Effect of oxide layer and the duration of exposure on the liquid metal corrosion mechanism of RAFM steel in molten Pb-Li

•IN-RAFMS corroded at 159.4 μm/y in molten Pb-Li (stirring conditions) for 10, 000 h via selective dissolution of Fe and Cr.•Incubation Period depicted low corrosion rate due to grain boundary attack and oxide dissolution.•Cr23C6 precipitates at the grain/lath boundaries weakens oxide layer leading to Pb-Li ingress.•CFD confirmed higher velocities at greater radial distance which reduce grain boundary attack but cause grain dropping.•Complete dissolution of oxide layer changes the mechanism to matrix dissolution.

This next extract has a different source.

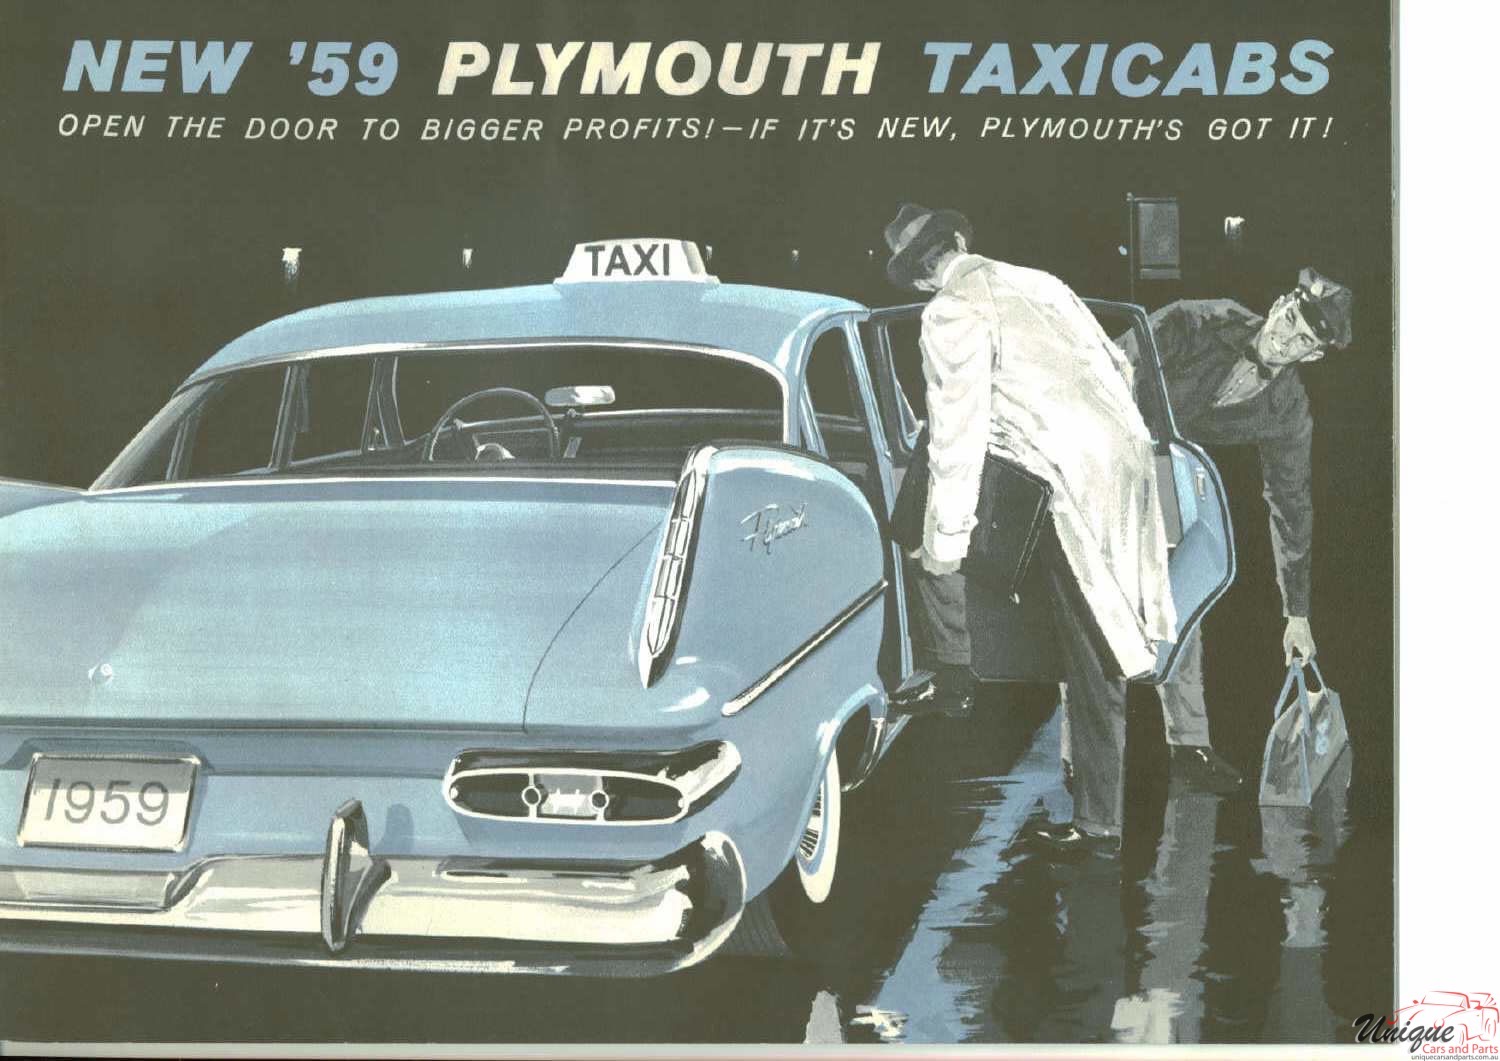 1959 Plymouth Taxi Brochure

The long-term corrosion behavior of IN-RAFM steel in molten Pb-Li upto 10, 000 h of exposure was studied in a rotating disc corrosion test facility at 823 K. As-received IN-RAFMS material possessed an air-formed surface layer containing oxides of Fe, Ce and W. Precipitation of chromium carbides at the grain/lath boundaries of as-received IN-RAFMS led to grain boundary attack by liquid Pb-Li during the initial “Incubation Period” which depicted slow dissolution of surface oxides and lesser corrosion rate. Complete dissolution of oxide layer altered the corrosion mechanism from grain boundary attack to matrix dissolution thereby increasing the corrosion rate.